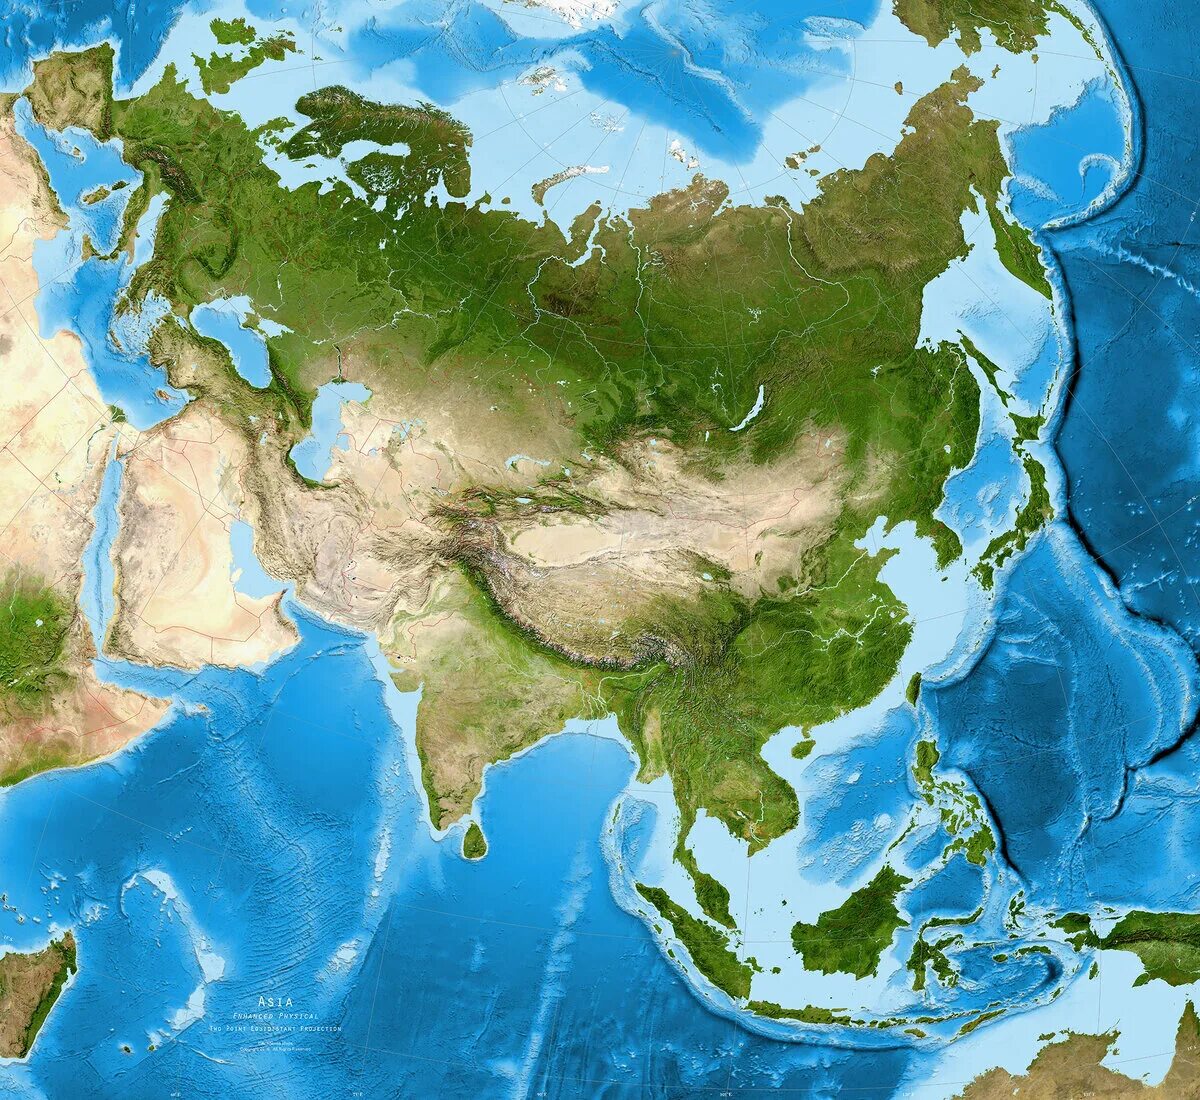 Сделано в евразии. Материк Евразия. Спутниковый снимок Евразии. Материк Азия материк Евразия. Континент Евразия.
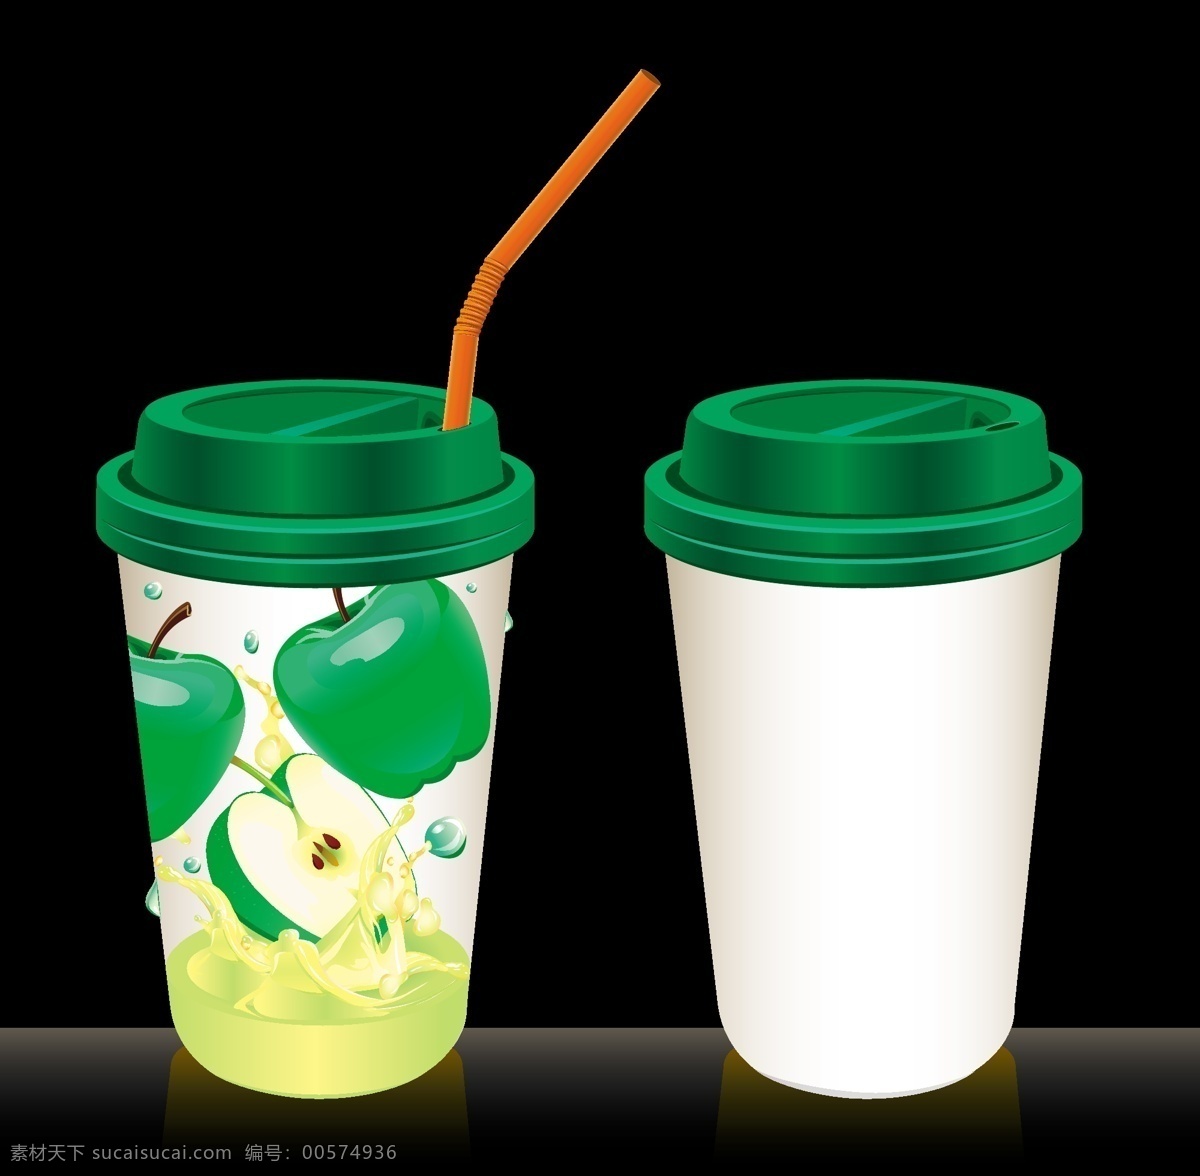 包装设计 果汁包装 青苹果 青苹果图片 塑料杯 矢量 模板下载 果汁包裝 包裝 果汁天然水果
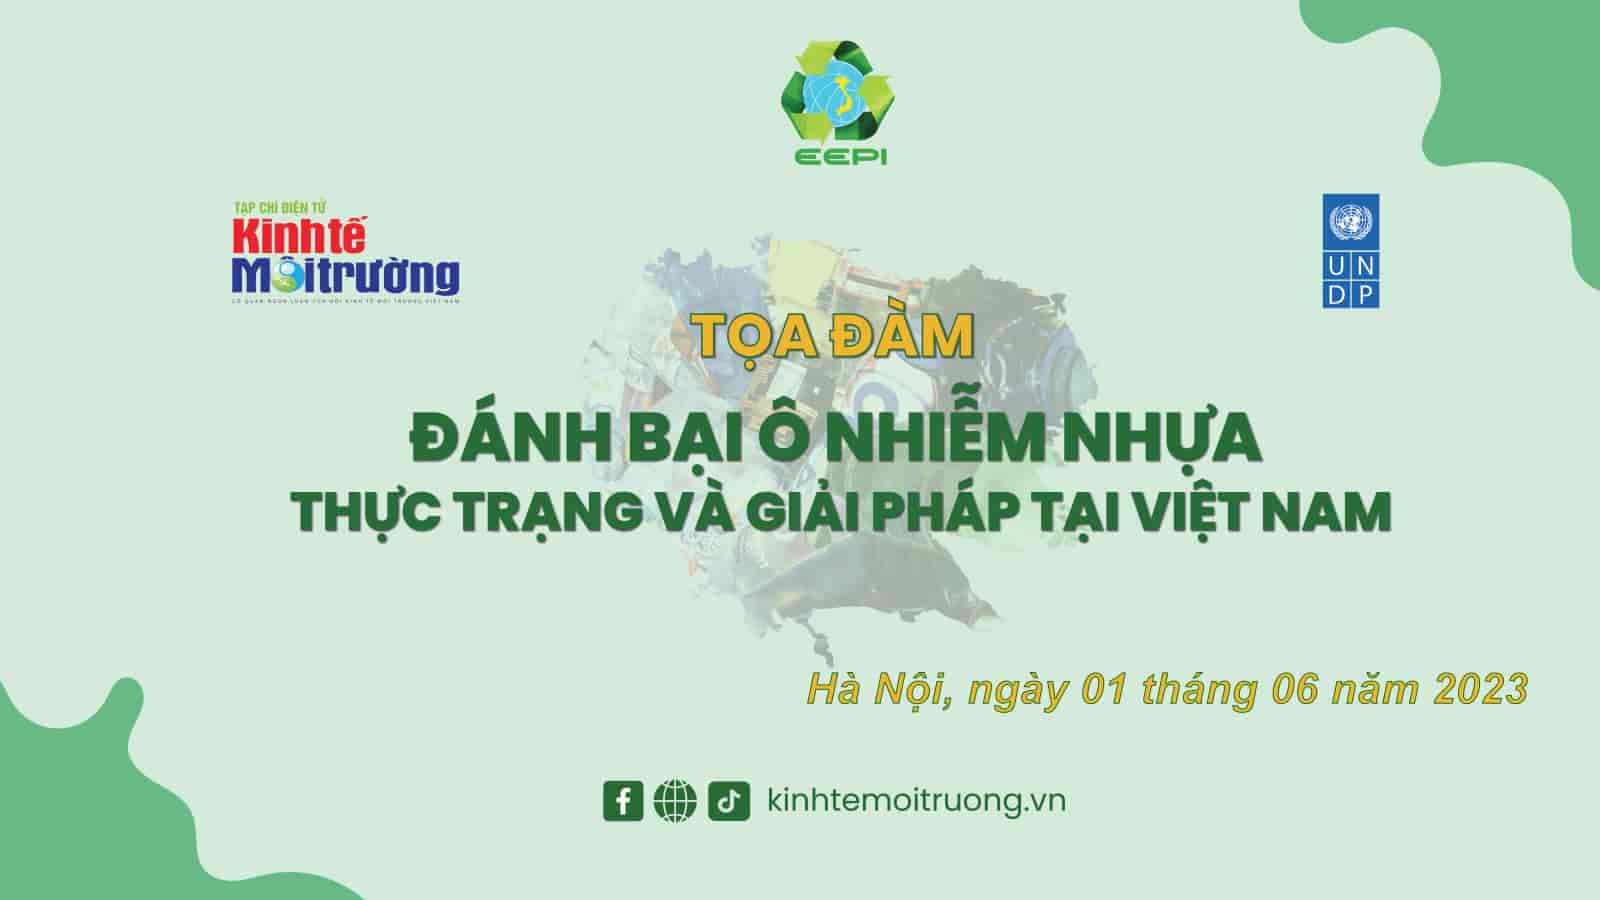 Sắp diễn ra Tọa đàm "Đánh bại ô nhiễm nhựa - Thực trạng và giải pháp tại Việt Nam"

## ABOUT THIS EXERCISE
The lines wanted run from the one with "包装设计 果汁包装 青苹果" through the final line of the data; repeat them word for word and skip every picture.

## EXERCISE RESULT
 包装设计 果汁包装 青苹果 青苹果图片 塑料杯 矢量 模板下载 果汁包裝 包裝 果汁天然水果
 Sắp diễn ra Tọa đàm "Đánh bại ô nhiễm nhựa - Thực trạng và giải pháp tại Việt Nam"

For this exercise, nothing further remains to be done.